Spectral Graph Analysis for Predicting QoE Fairness Sensitivity in Wireless Communication Networks
Xinke Jian, Zhiyuan Ren, Wenchi Cheng
TL;DR
This work addresses how QoE fairness is shaped by both topology and SLA settings, proposing a predictive, interpretable framework based on spectral graph theory. It establishes a topology-dependent exponential upper bound on the QoE imbalance index $I$, linking it to the spectral gap $\lambda_2$ and a service-stringency parameter $a$ with a threshold activation at $r_*$. The main theoretical contribution is an exponential bound $I \le \frac{C\,(1+aH)}{\ln M}\exp(-\min\{a, c\lambda_2\}H)$, where $H=h_0-r_*$, plus a bottleneck interpretation and Fiedler-vector-guided structural interventions to raise $\lambda_2$. The paper also provides practical engineering tools, including a data-driven certificate for rapid upper bounds and a reverse-design framework to achieve target QoE fairness, all validated across synthetic graphs and real-world topologies.
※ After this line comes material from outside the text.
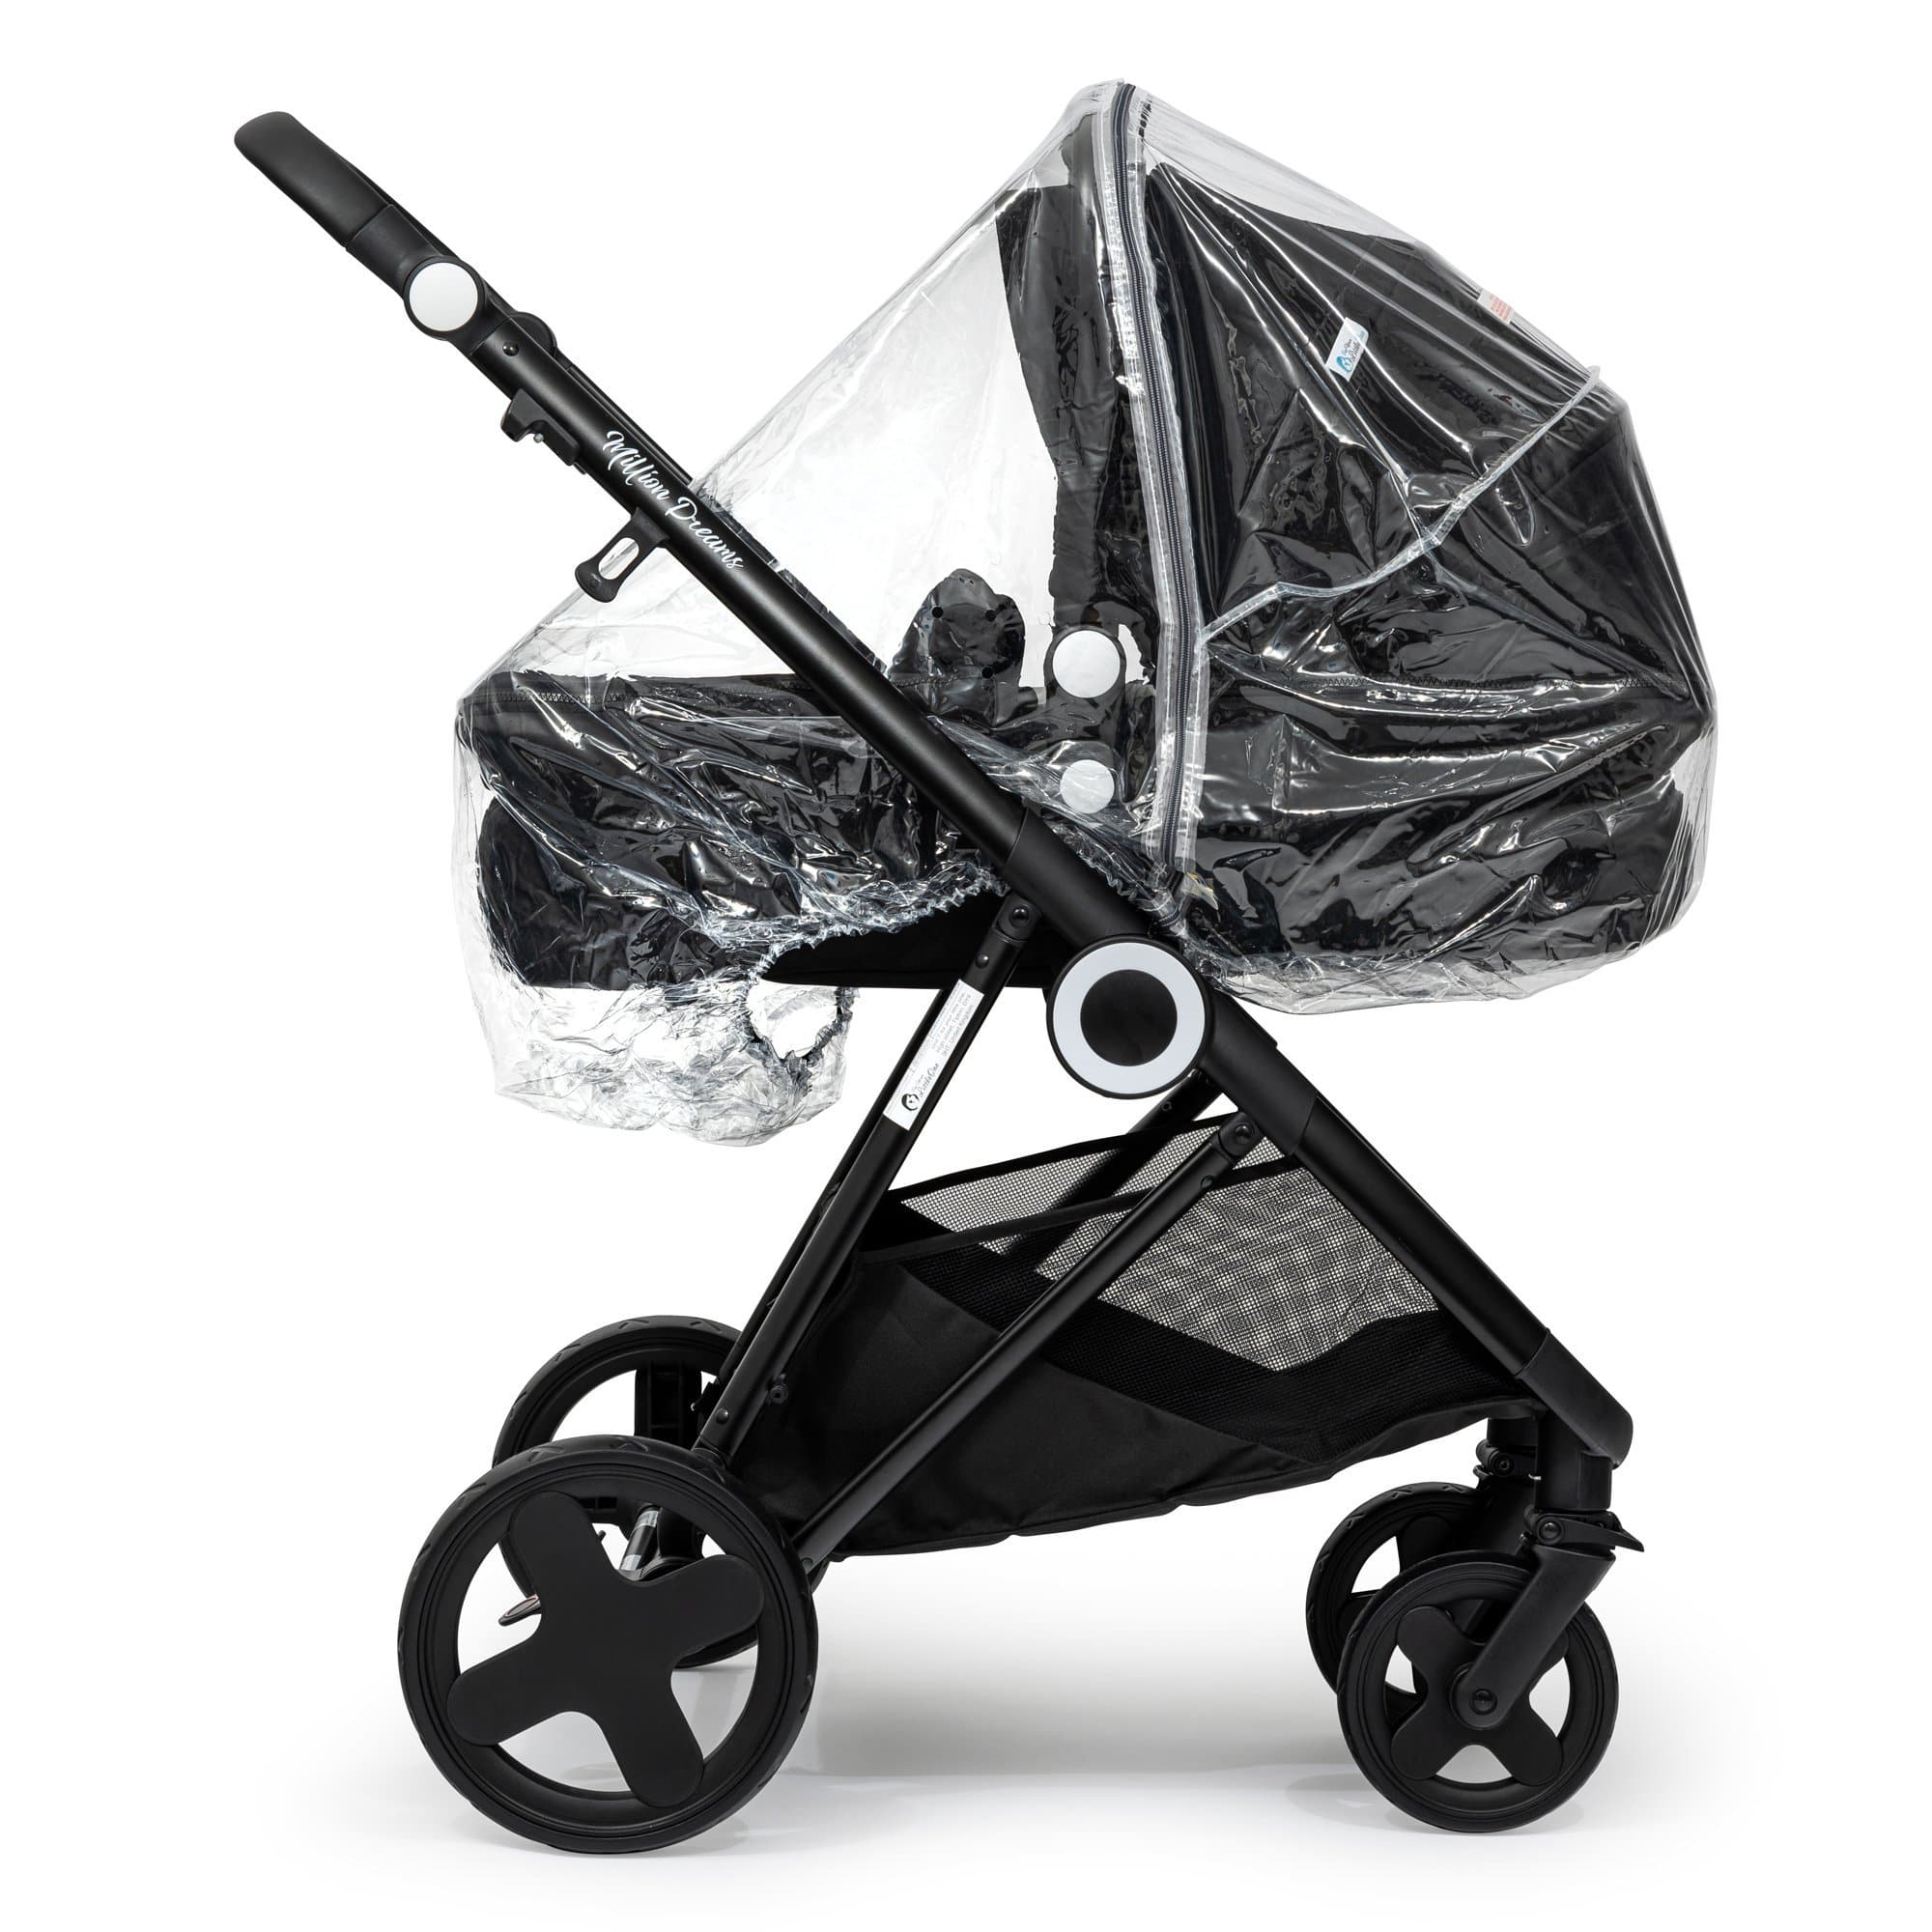 2 in 1 Rain Cover Compatible with Hybrid - Fits All Models - For Your Little One
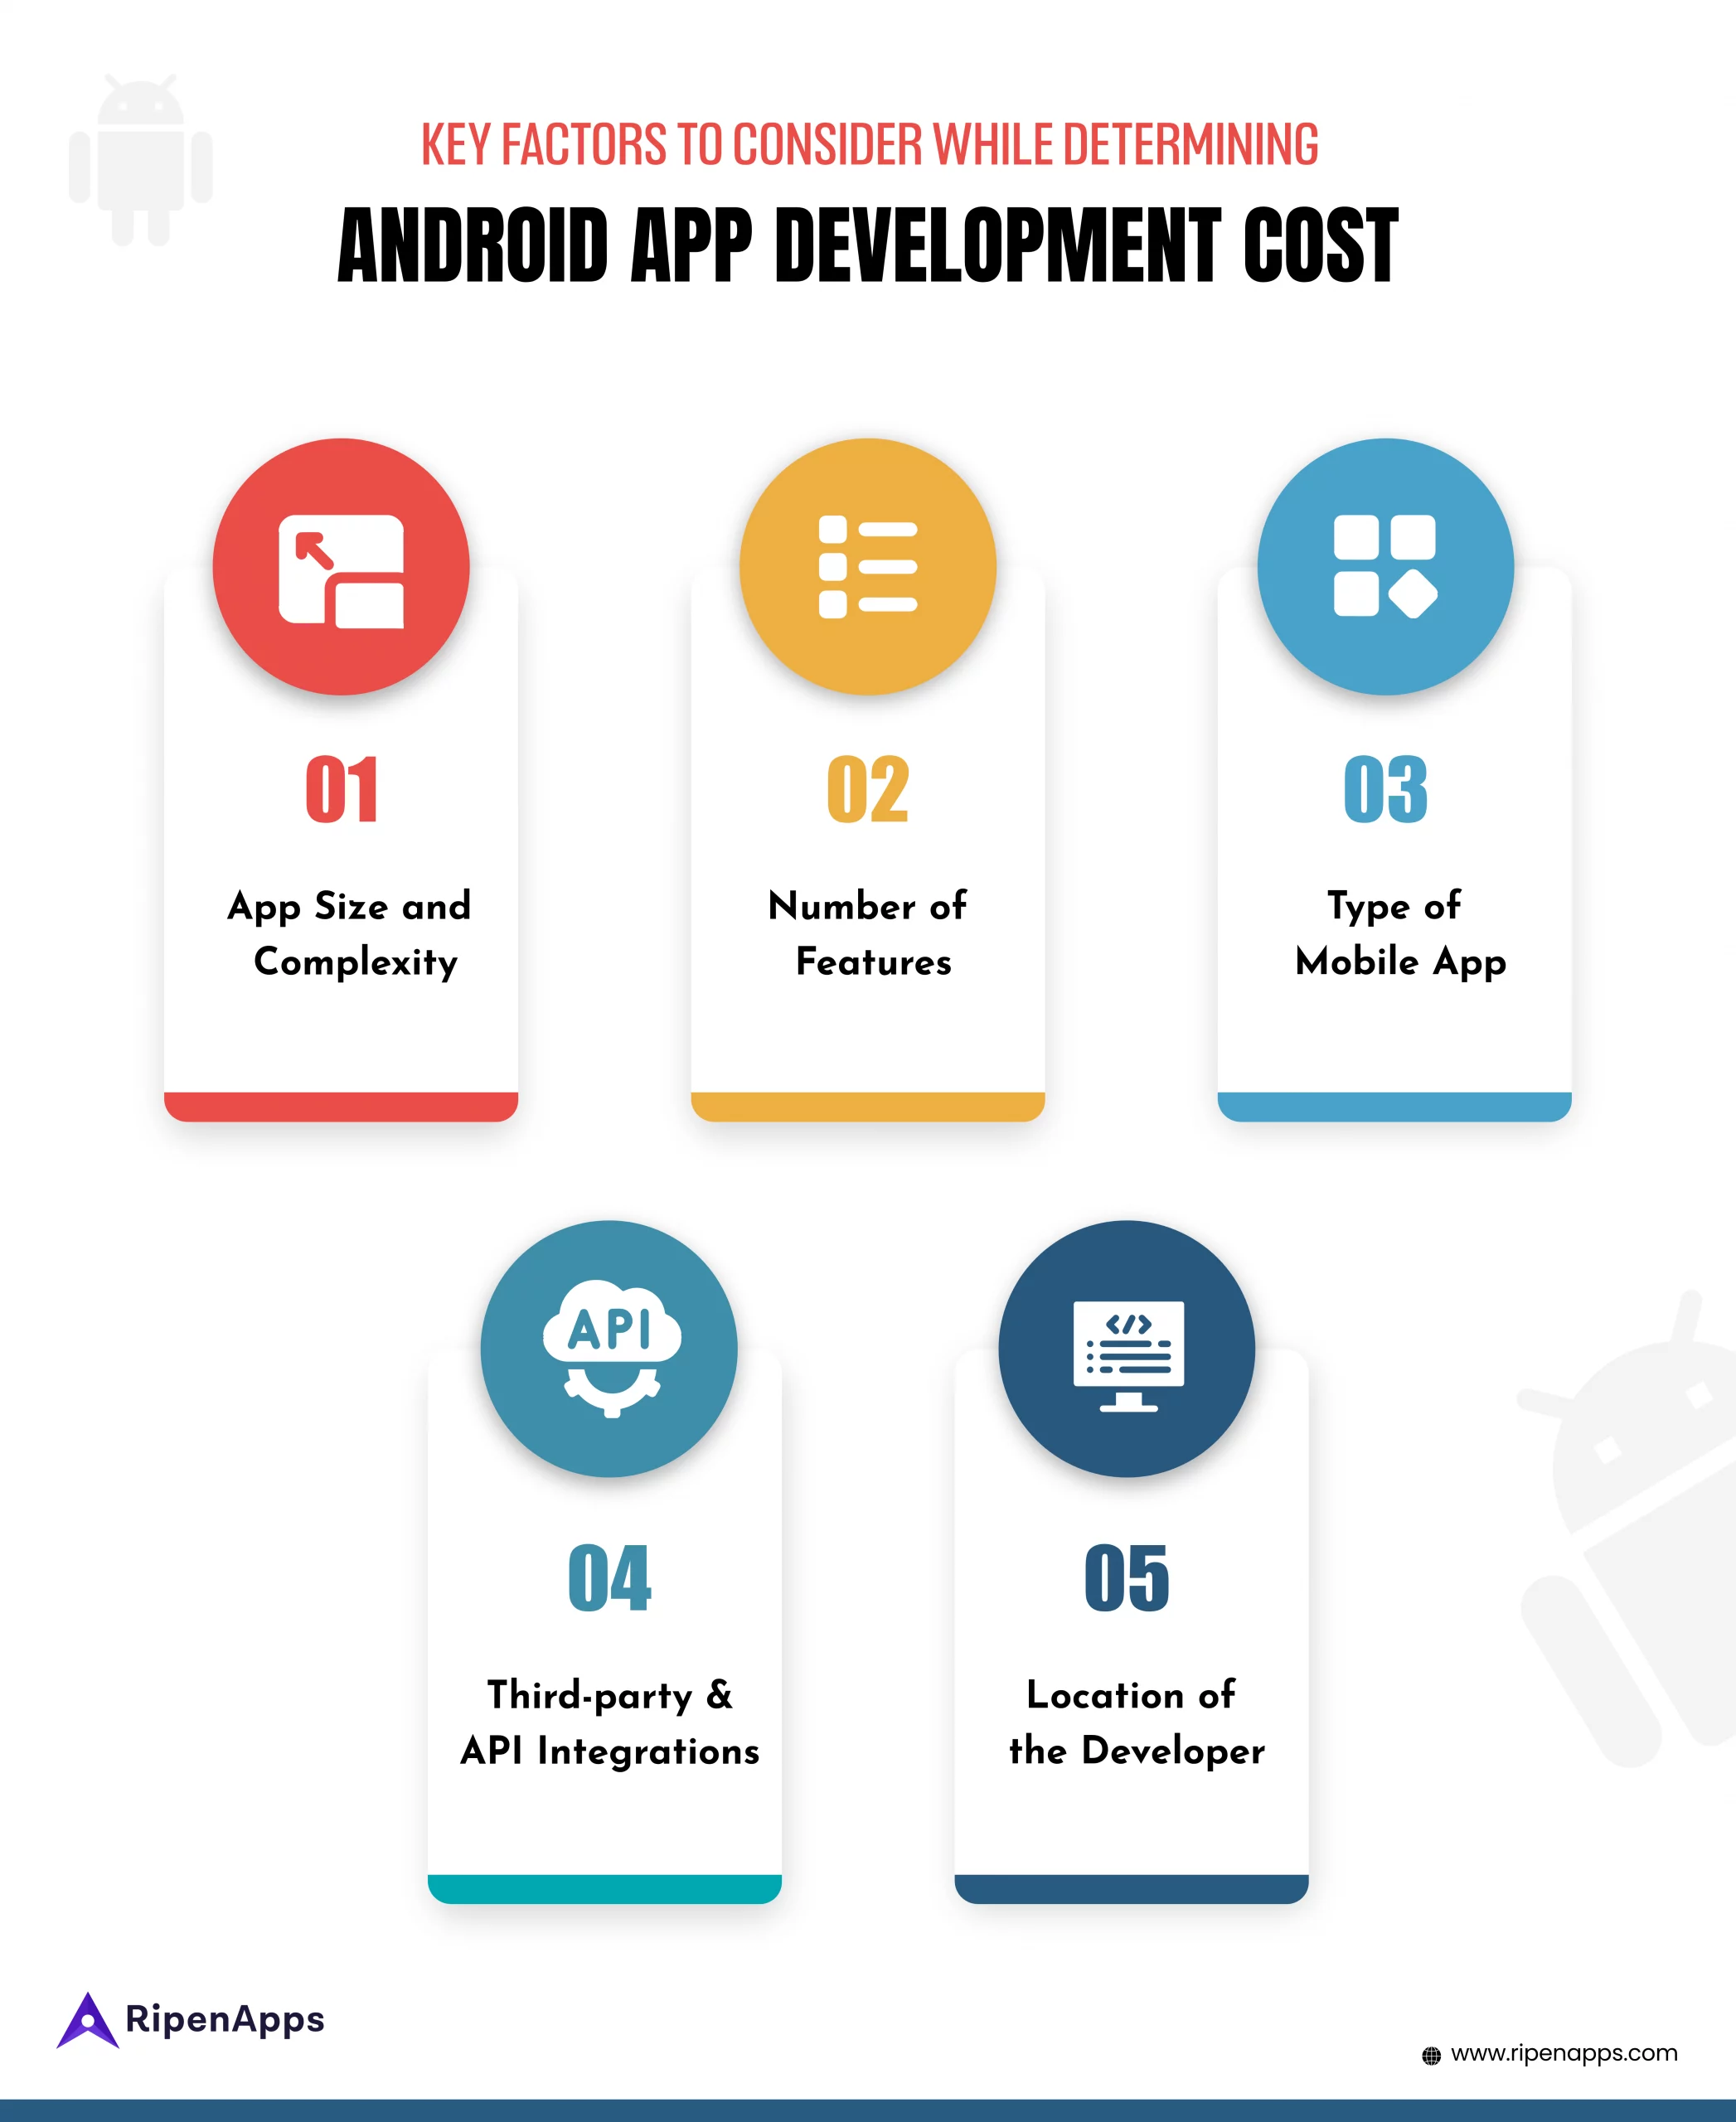 Key Factors to Consider While Determining Android App Development Cost

Together, these results enable proactive, topology-aware design and optimization for QoE fairness in next-generation networks.
Abstract
The evaluation of Quality of Experience (QoE) fairness depends not only on its current state but, more critically, on its sensitivity to changes in Service Level Agreement (SLA) parameters. However, the academic community has long lacked a predictive method connecting underlying topology to high-level service fairness. To bridge this gap, this paper analyzes a QoE imbalance index ($I$) through the lens of spectral graph theory.Our core contribution is the proof of a novel exponential spectral upper bound. This bound reveals that the improvement of QoE fairness exhibits an exponential decay behavior only above a performance threshold determined jointly by network size and connectivity. Its core decay rate is dominated by the weaker of two factors: the SLA stringency ($a$) and the network's spectral gap ($cλ_2$). The upper bound unifies the service protocol and the topological bottleneck within a single performance bound formula for the first time.This theoretical relationship also reveals a clear bottleneck effect, where the system's fairness ceiling is determined by the weaker link between service parameters and network structure. This finding provides a bottleneck-driven principle for resource optimization in network design and enables goal-driven reverse engineering. Extensive numerical experiments on various random graph models and real-world network topologies robustly validate the correctness and universality of our analytical framework.